# Observability

slime's default observability path is intentionally small: training metrics still go to W&B / TensorBoard; high-frequency SGLang Prometheus metrics are no longer uploaded to W&B; request timings from SGLang response `meta_info` are stored in sample traces and aggregated once per rollout step as compact `perf/...` metrics.

## W&B / TensorBoard Metrics

W&B and TensorBoard still receive reward, loss, KL, entropy, eval, and other training metrics. SGLang request timing summaries are logged under `perf/`, for example:

```text
perf/request/e2e_latency/mean
perf/request/queue_time/median
perf/request/count
perf/request/profiled_count
perf/decode/throughput/mean
perf/prefill/bootstrap_queue_duration/mean
perf/prefill/bootstrap_duration/mean
perf/prefill/alloc_wait_duration/mean
perf/prefill/forward_duration/max
perf/prefill/transfer_speed_gb_s/mean
perf/decode/prealloc_duration/mean
perf/decode/bootstrap_duration/mean
perf/decode/alloc_wait_duration/mean
perf/decode/transfer_duration/max
perf/decode/forward_duration/mean
```

These metrics are aggregated once per rollout step, not emitted once per request, so they should not slow W&B like uploading raw Prometheus metrics would.

Without PD, common `perf/request/...` metrics and available `perf/decode/throughput/...` metrics still exist. Detailed `perf/prefill/...` and `perf/decode/...duration` metrics only appear when SGLang returns the corresponding `pd_*` timing fields.
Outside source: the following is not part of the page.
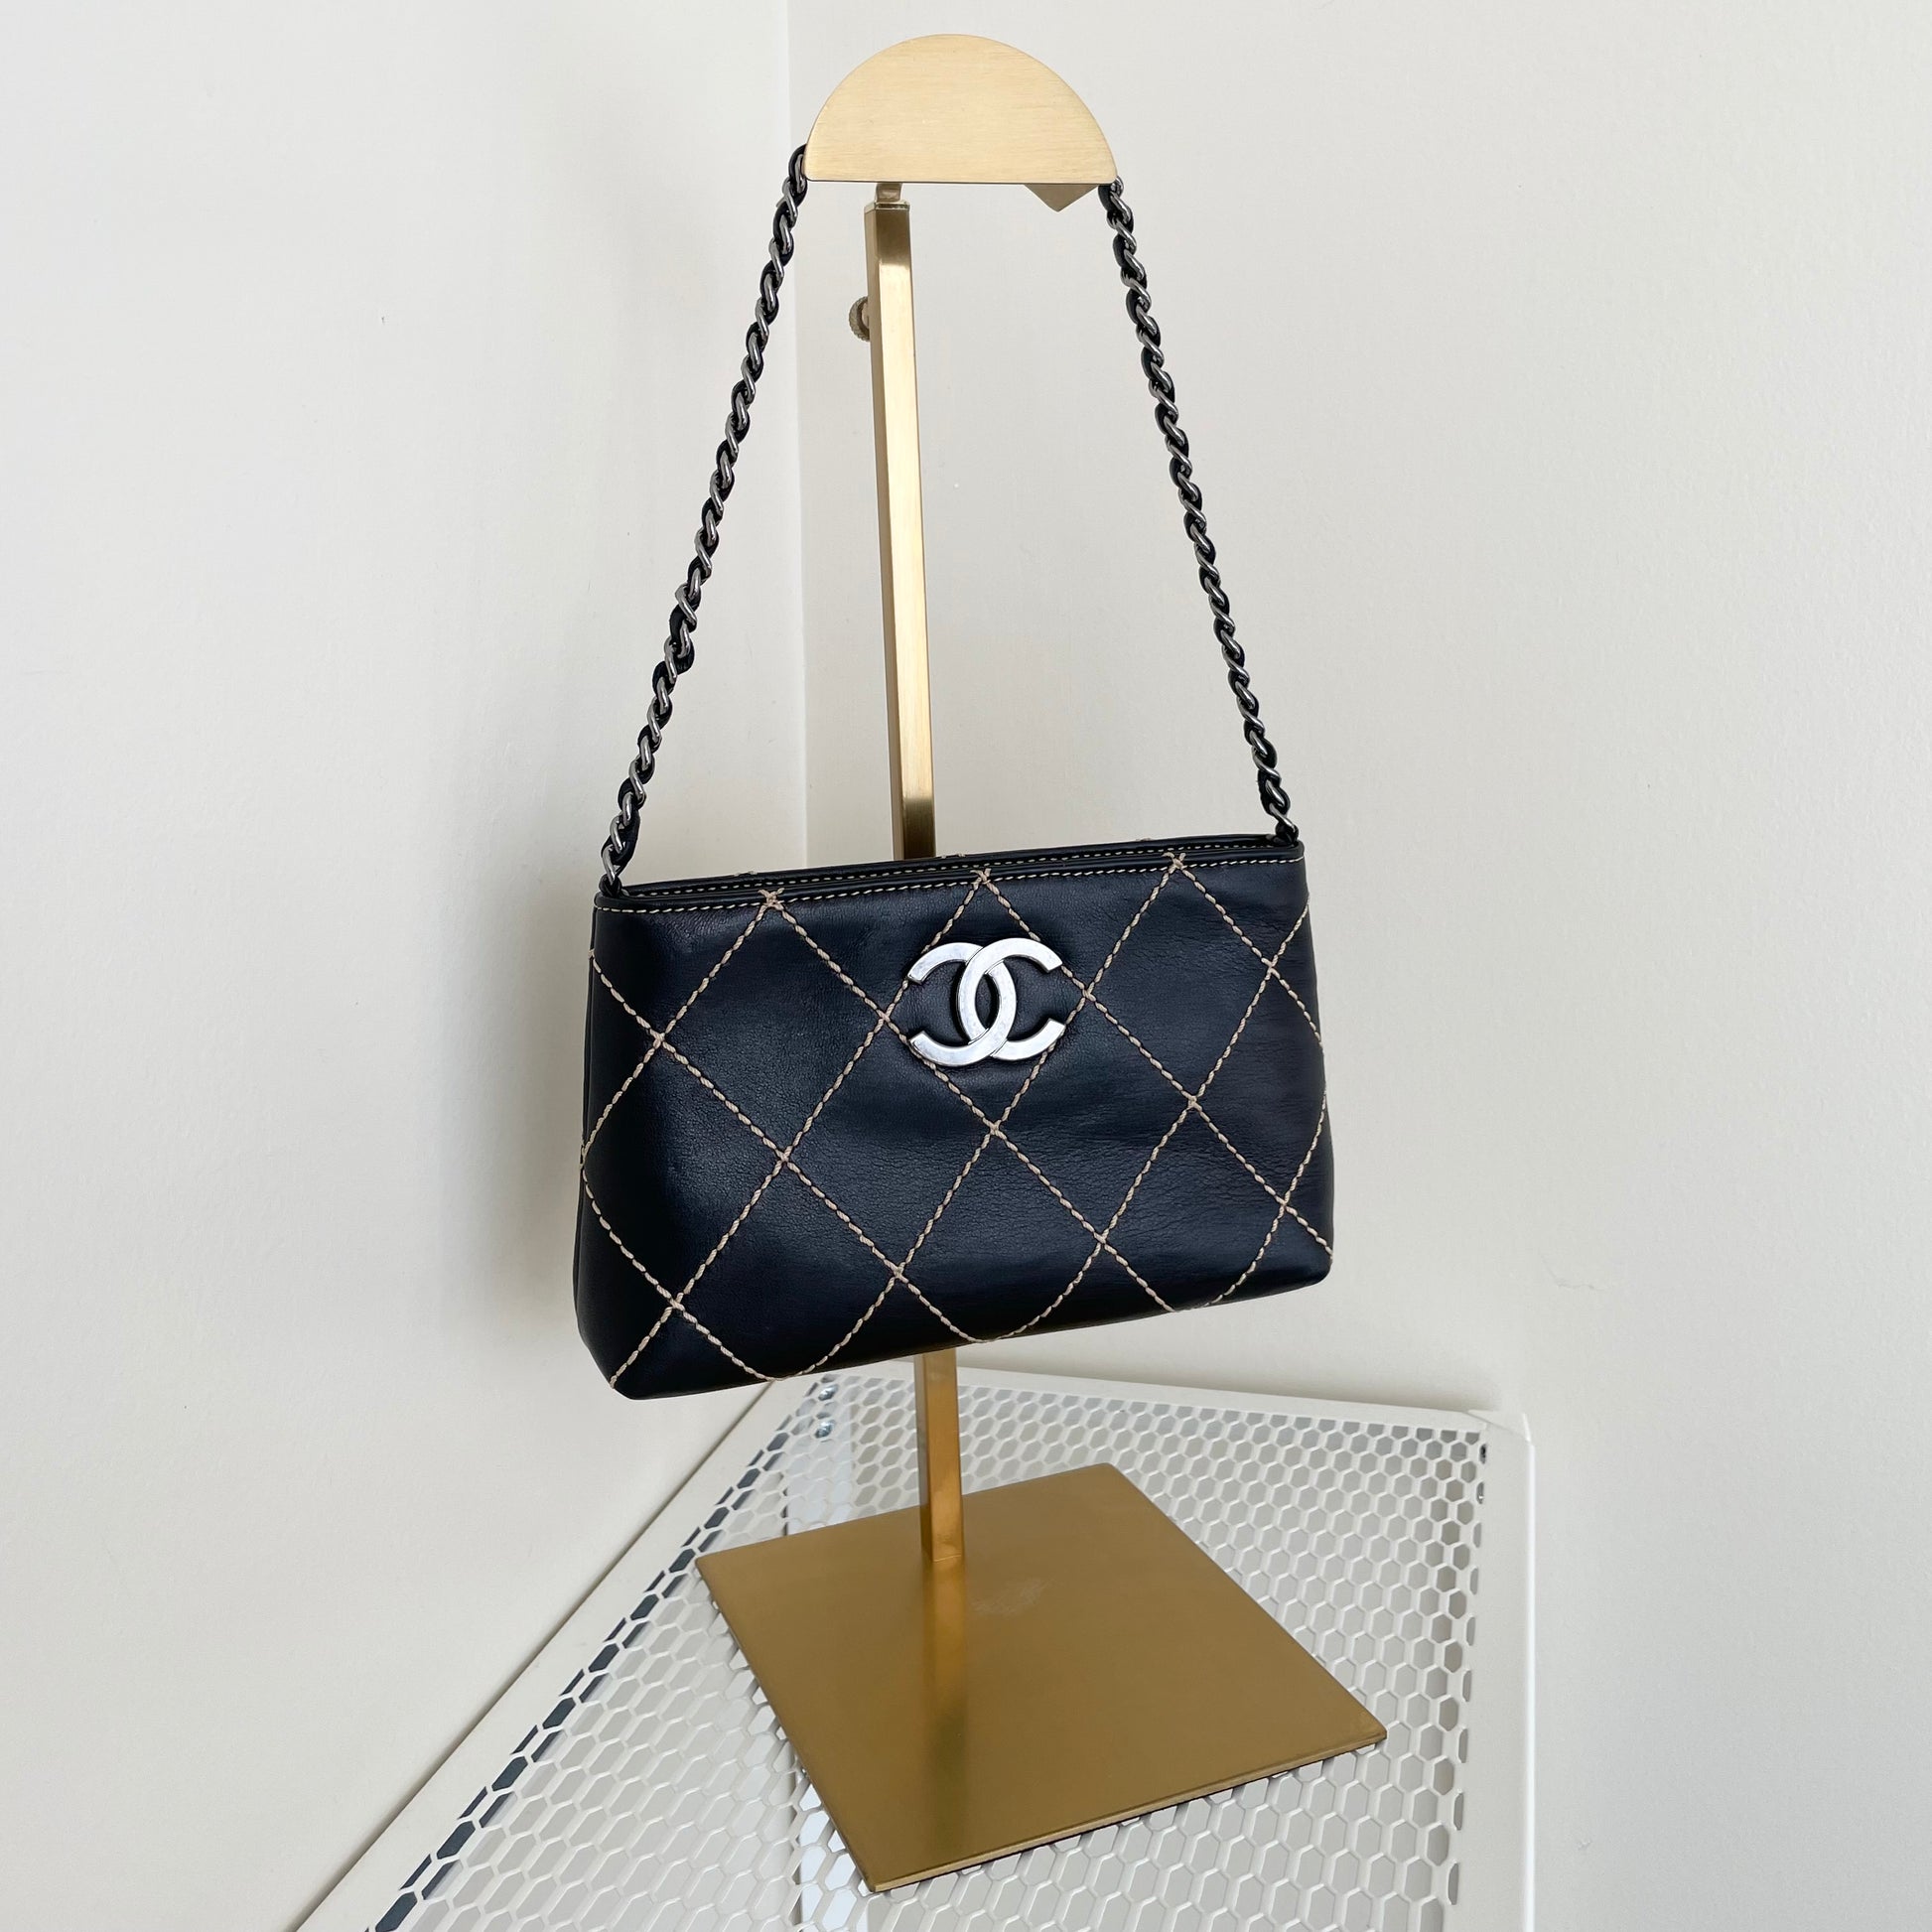 Chanel Black Quilted Wild Stitch Handbag 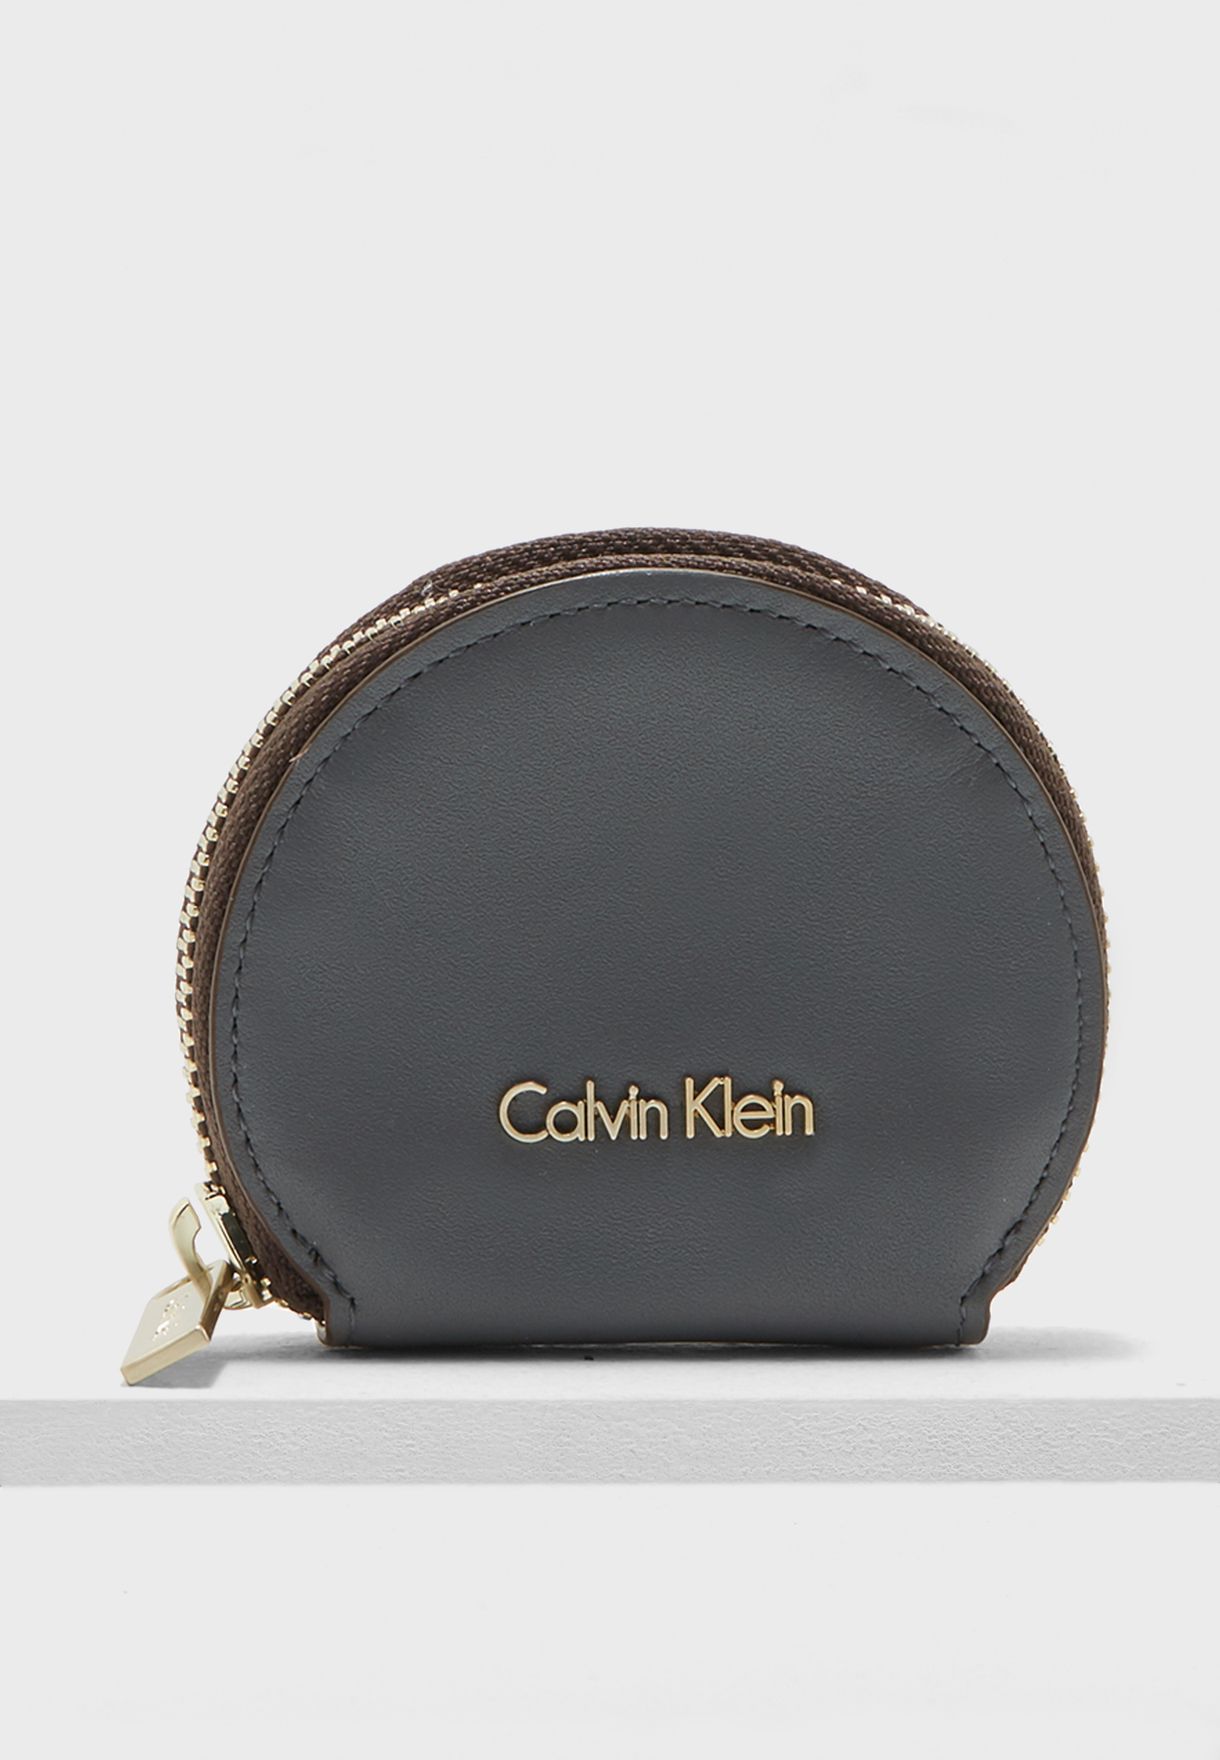 calvin klein coin purse

## Where Prometheus Data Is Stored

slime does not store per-second Prometheus data. SGLang / router only expose `/metrics` and `/engine_metrics` HTTP endpoints. Prometheus scrapes those endpoints periodically and stores the time series in Prometheus's own TSDB.

That means:

- If Prometheus is not running, serving metrics are only available from the current SGLang process memory and endpoint output, with no historical storage.
- If Prometheus is running, history is stored under Prometheus's `--storage.tsdb.path`.
- slime does not upload these high-frequency metrics to W&B.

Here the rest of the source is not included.